━━ DATA SHOWN ━━

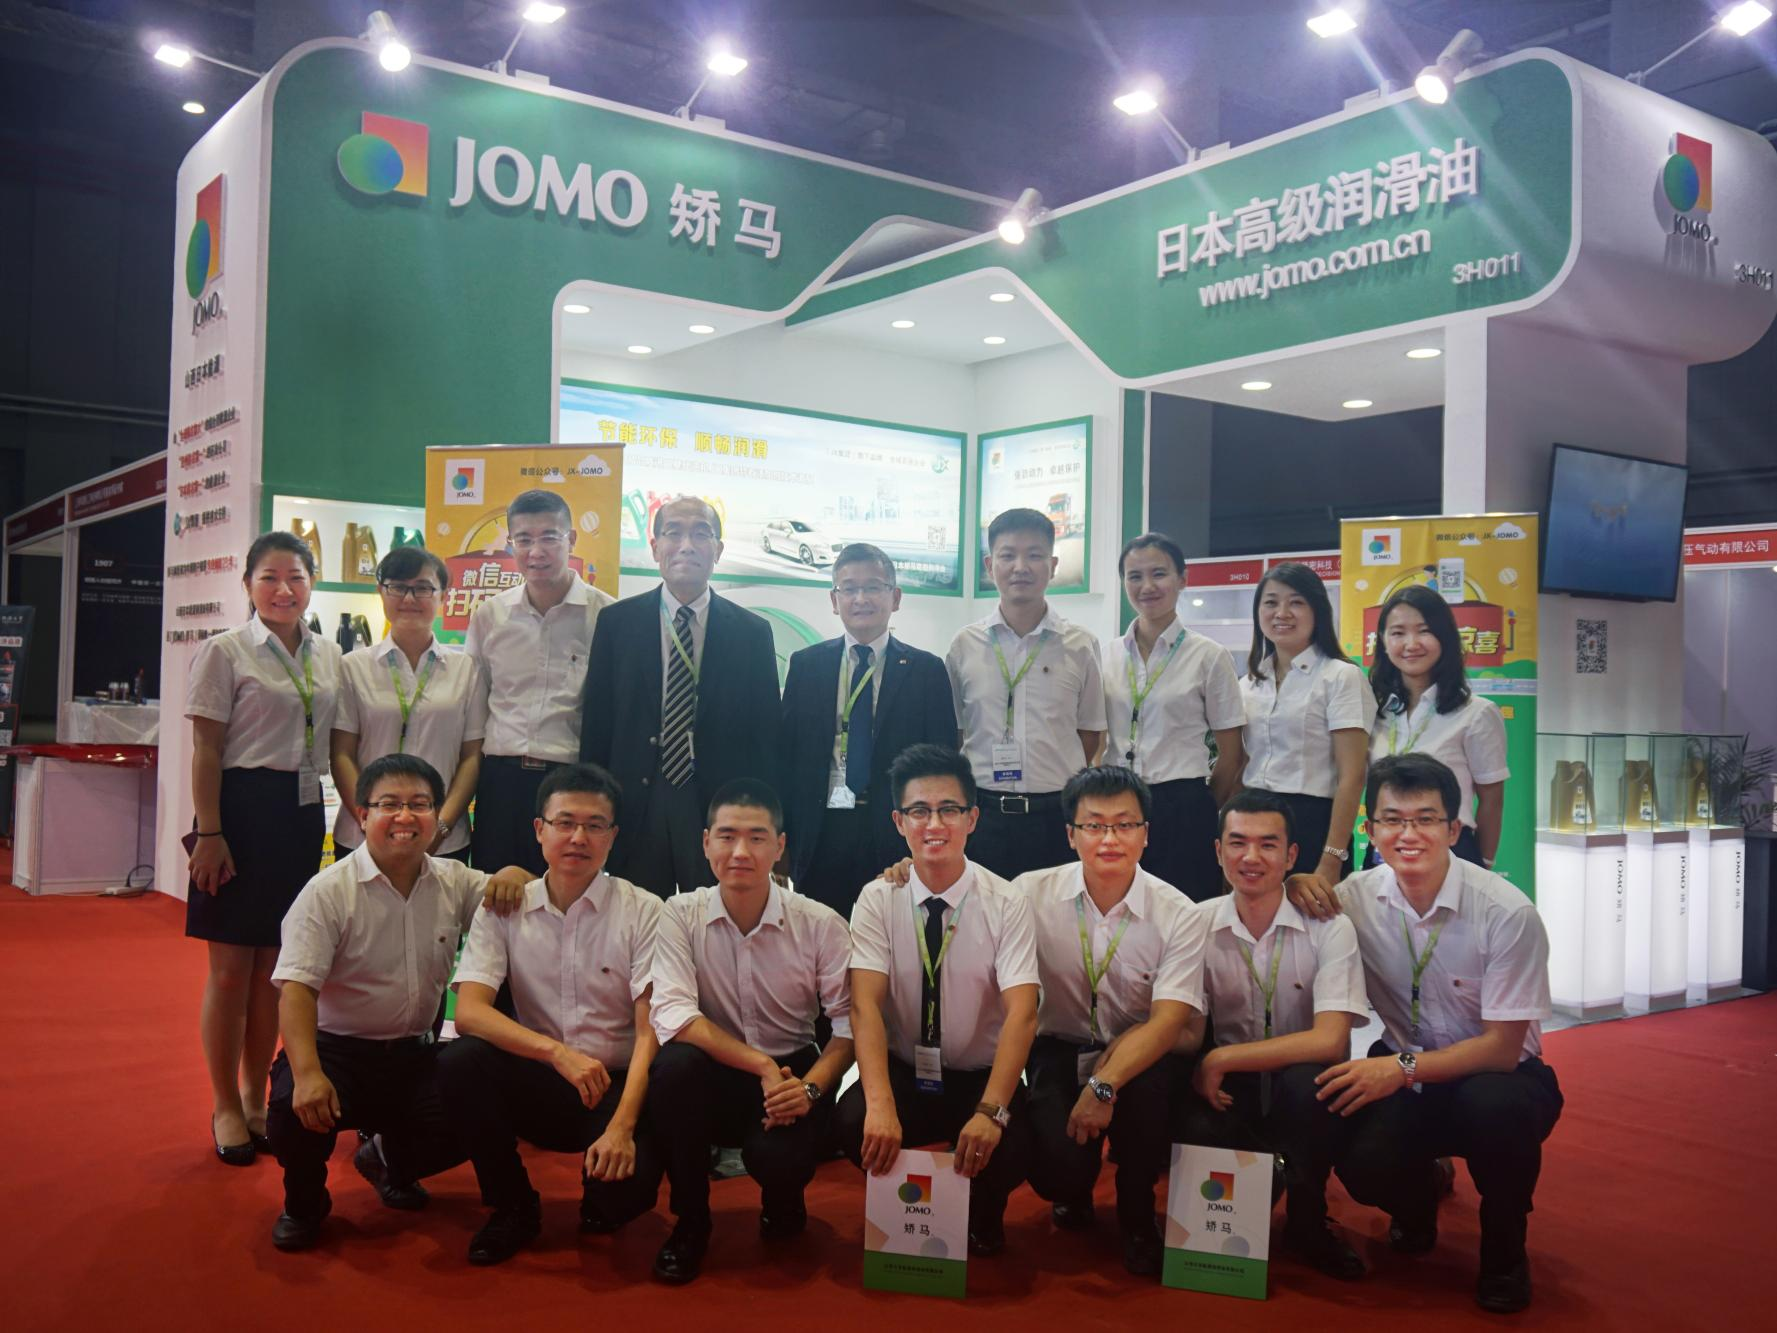 2016中国国际汽车商品交易会(上海)
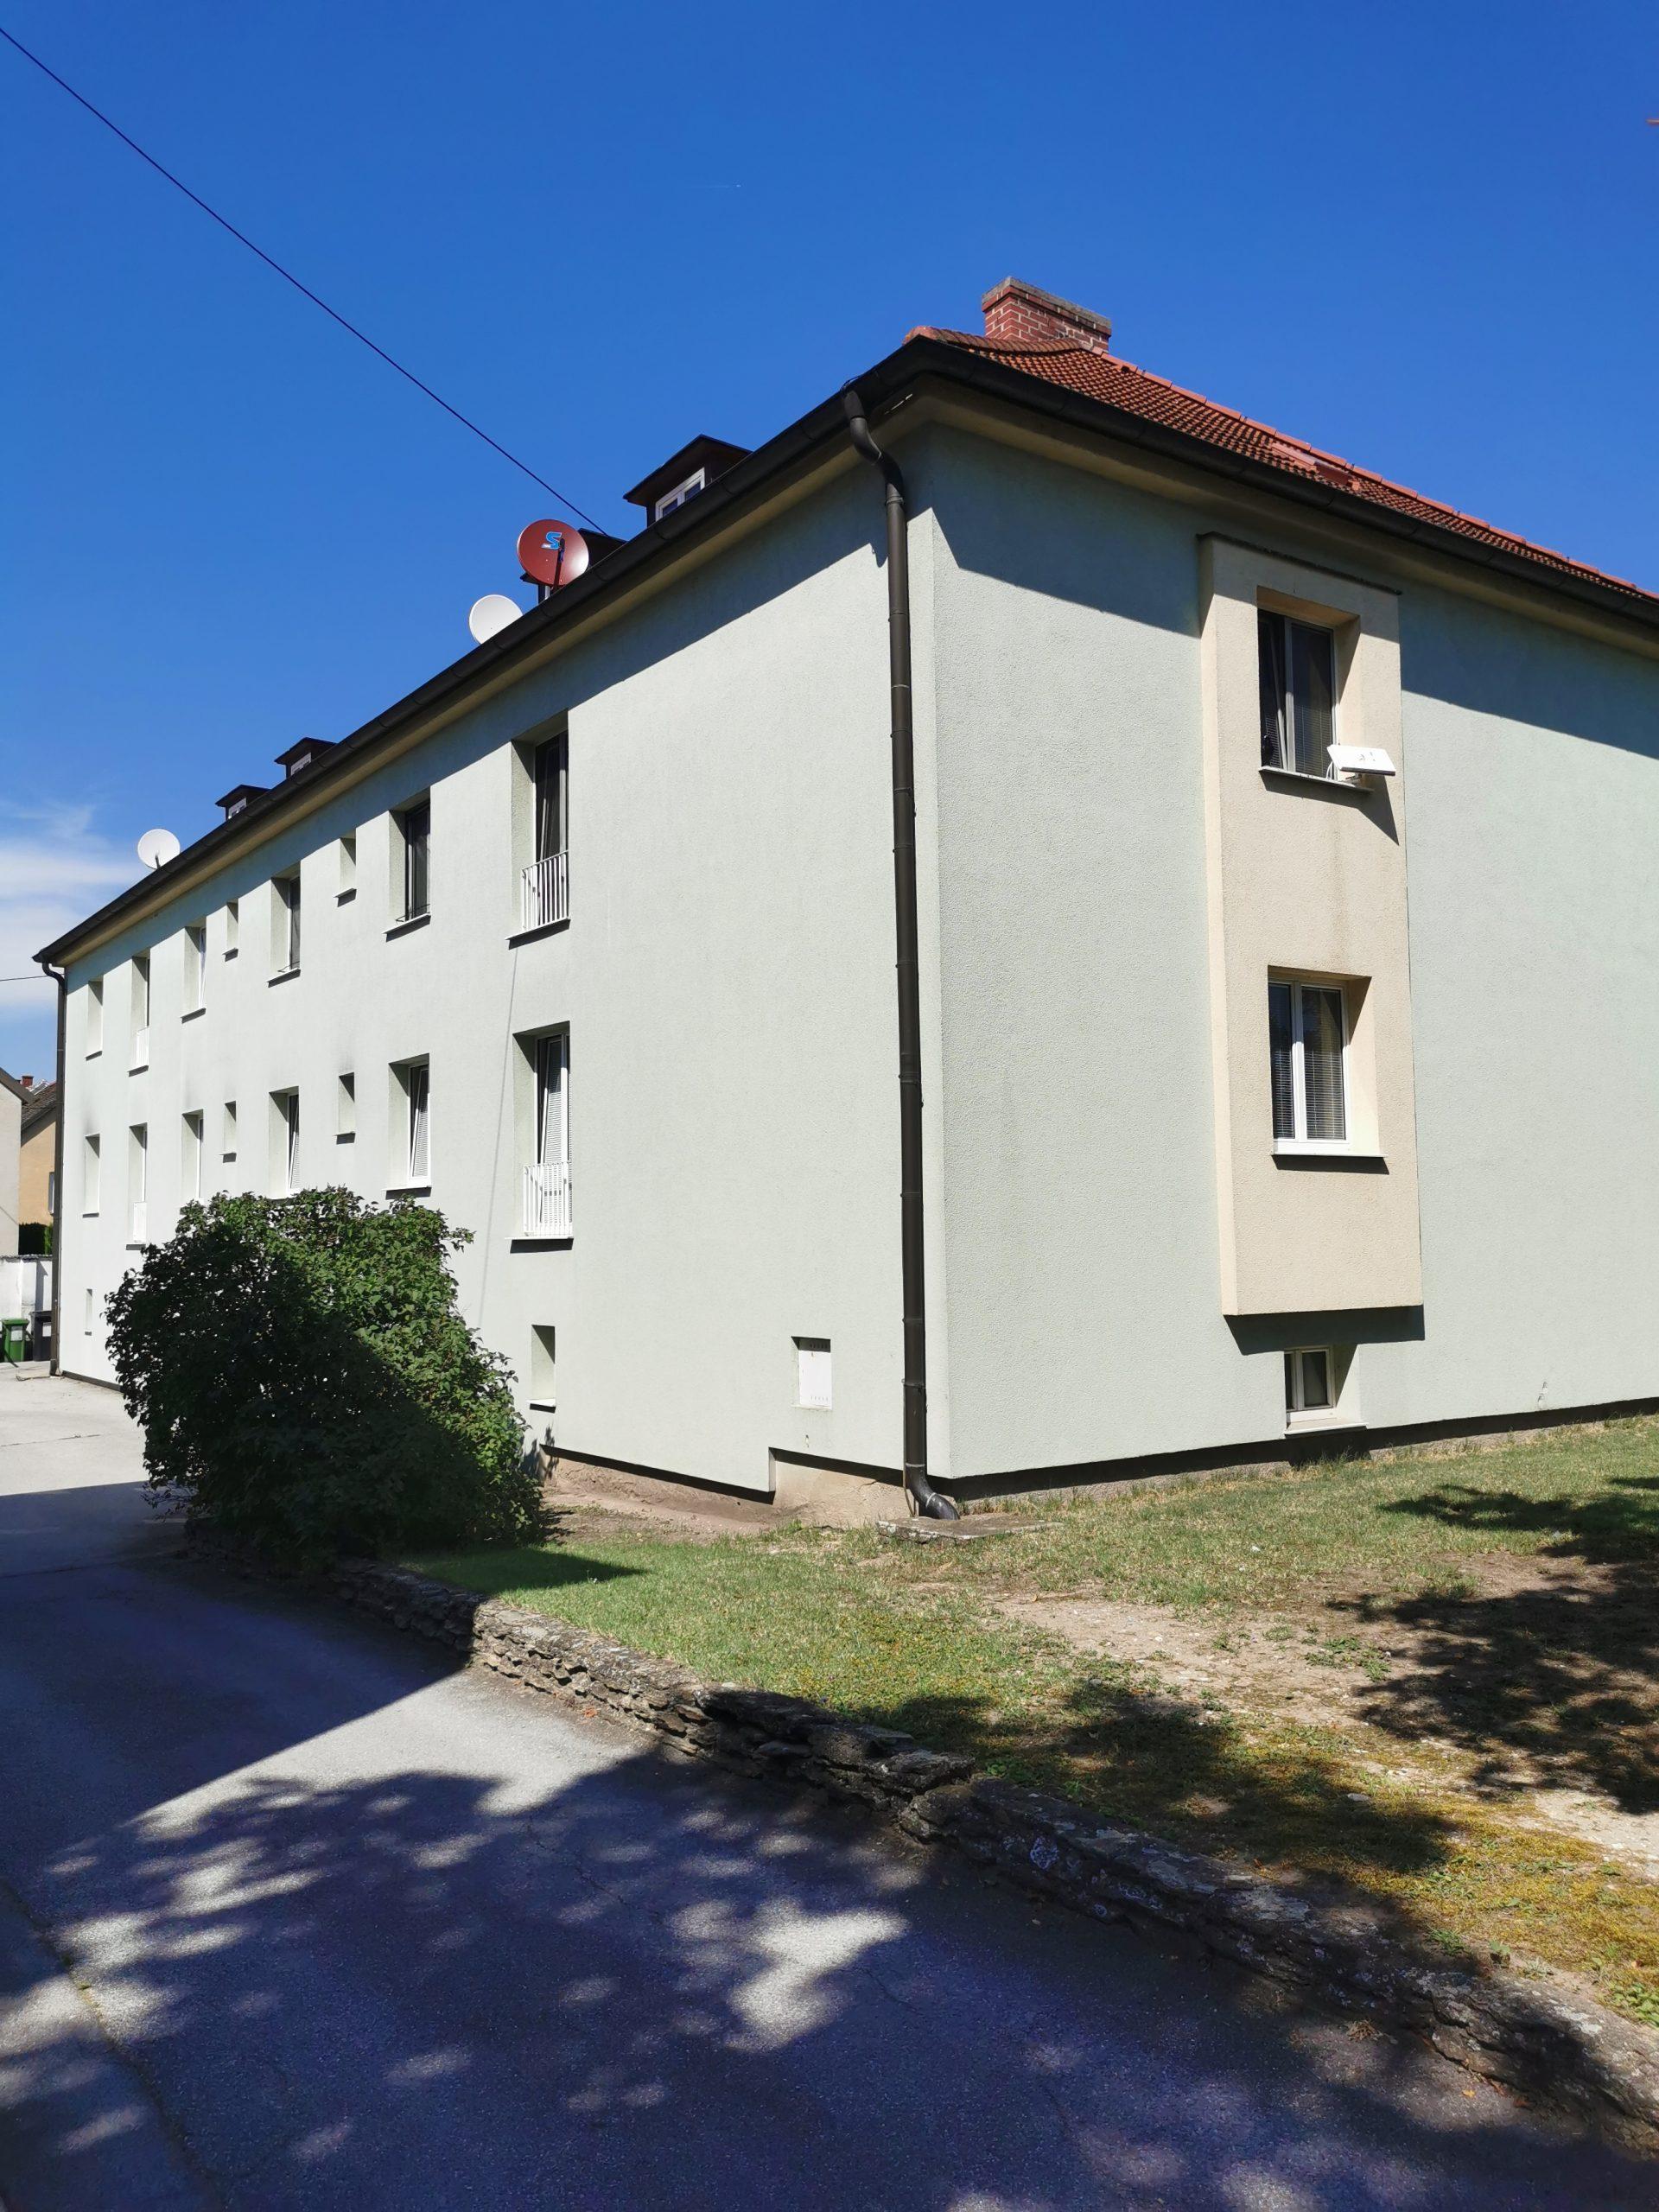 Immobilie von Kamptal in 2136 Laa an der Thaya, Mistelbach, Laa XIII - Top 7 #1
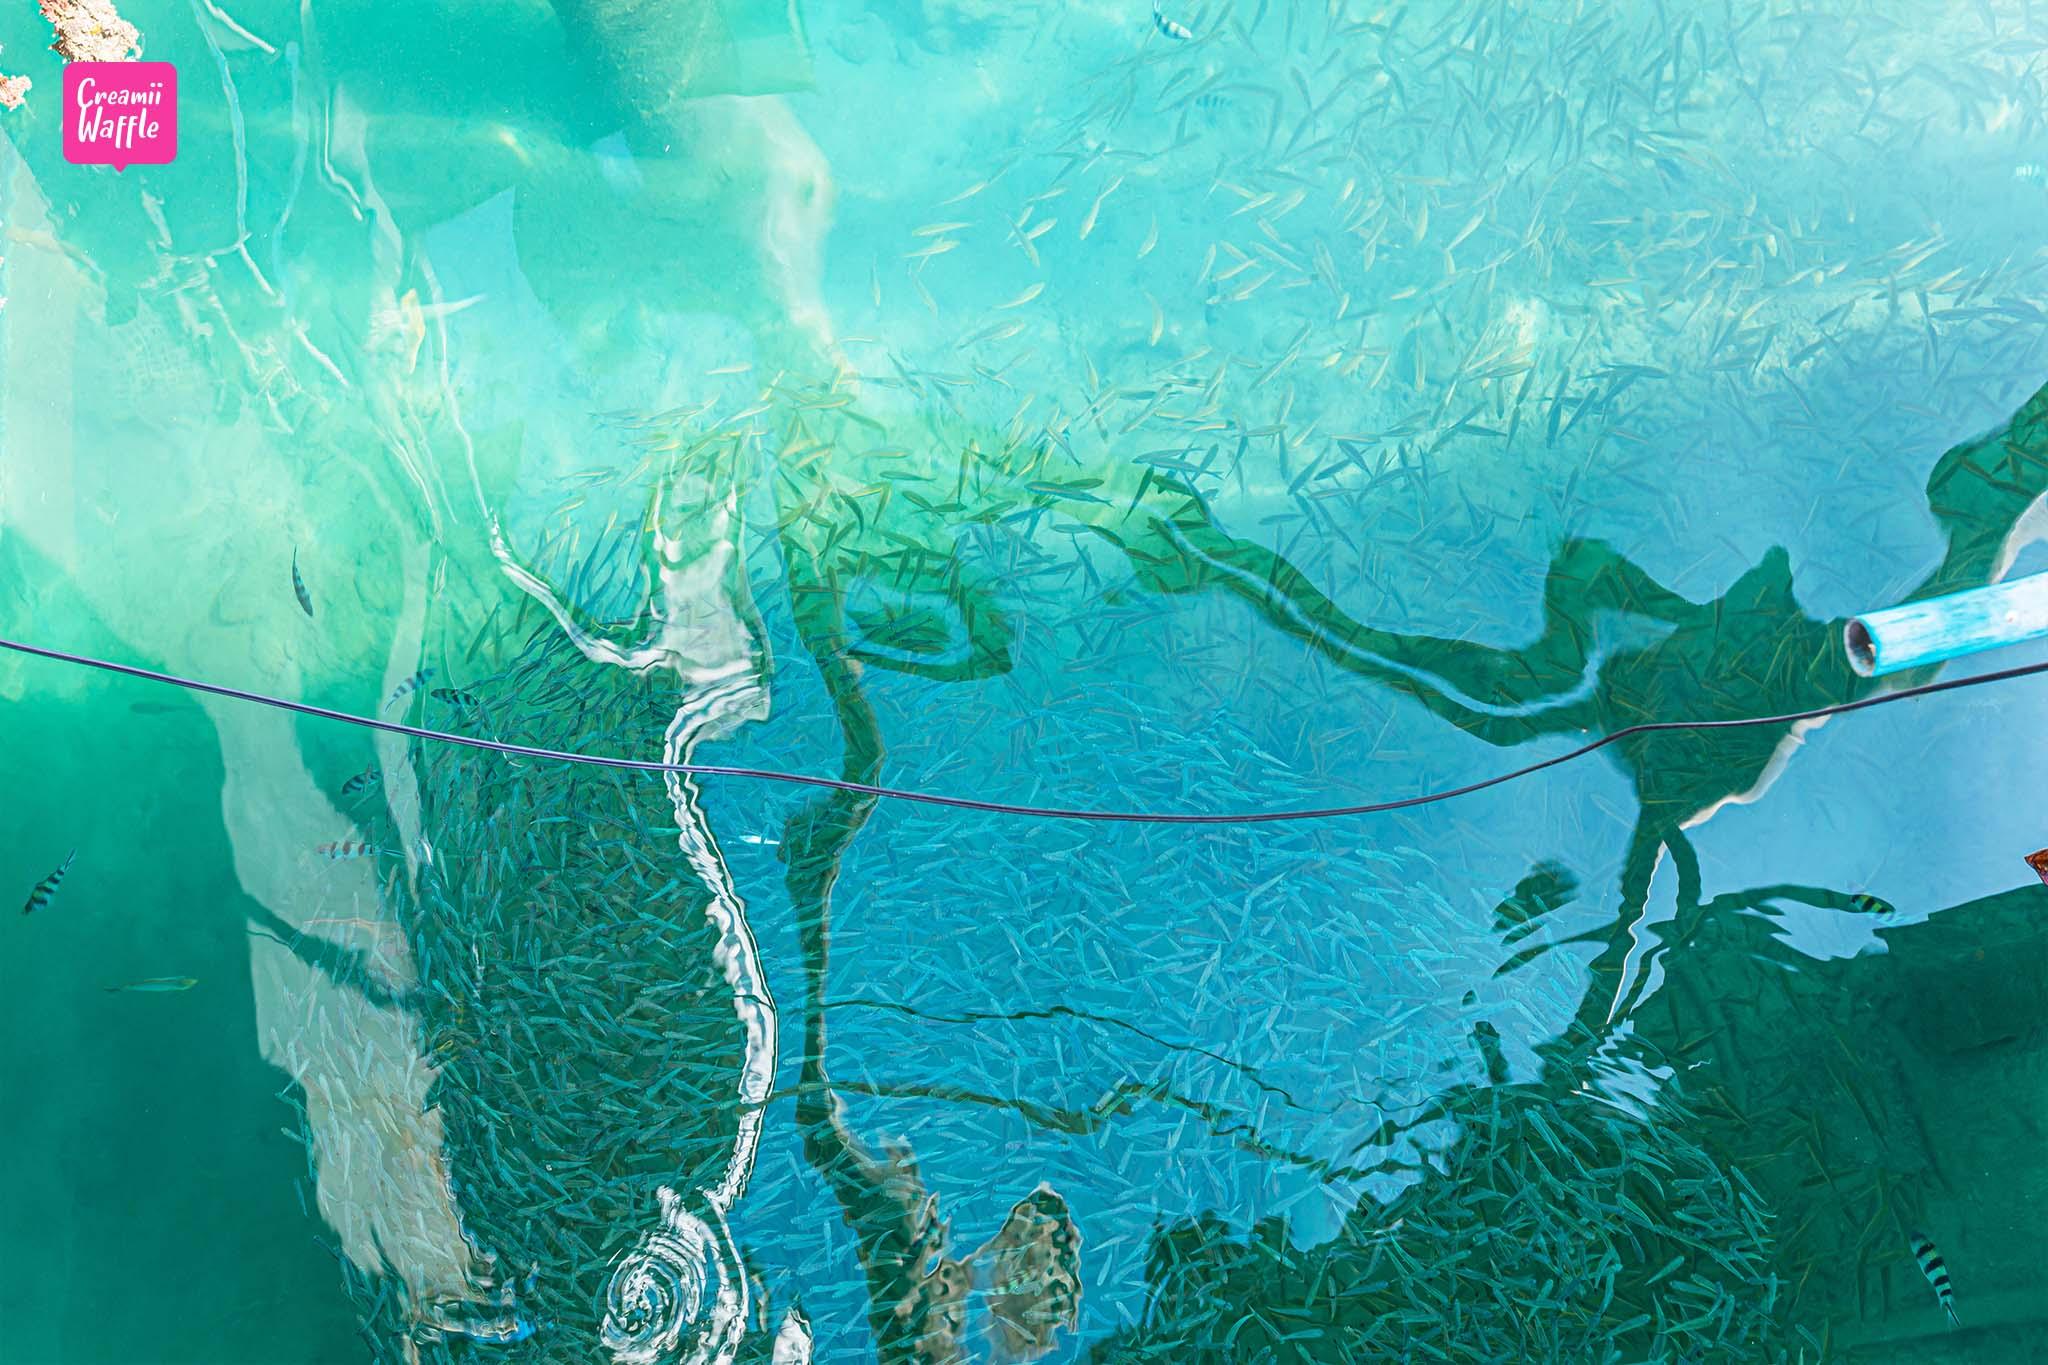 KOH TAO คู่มือท่องเที่ยวเกาะเต่า ใสมาก

━━━

The data above must be given back verbatim, minus its images.

## OUTPUT FOR THIS TASK
 2016中国国际汽车商品交易会(上海)
 Immobilie von Kamptal in 2136 Laa an der Thaya, Mistelbach, Laa XIII - Top 7 #1
 KOH TAO คู่มือท่องเที่ยวเกาะเต่า ใสมาก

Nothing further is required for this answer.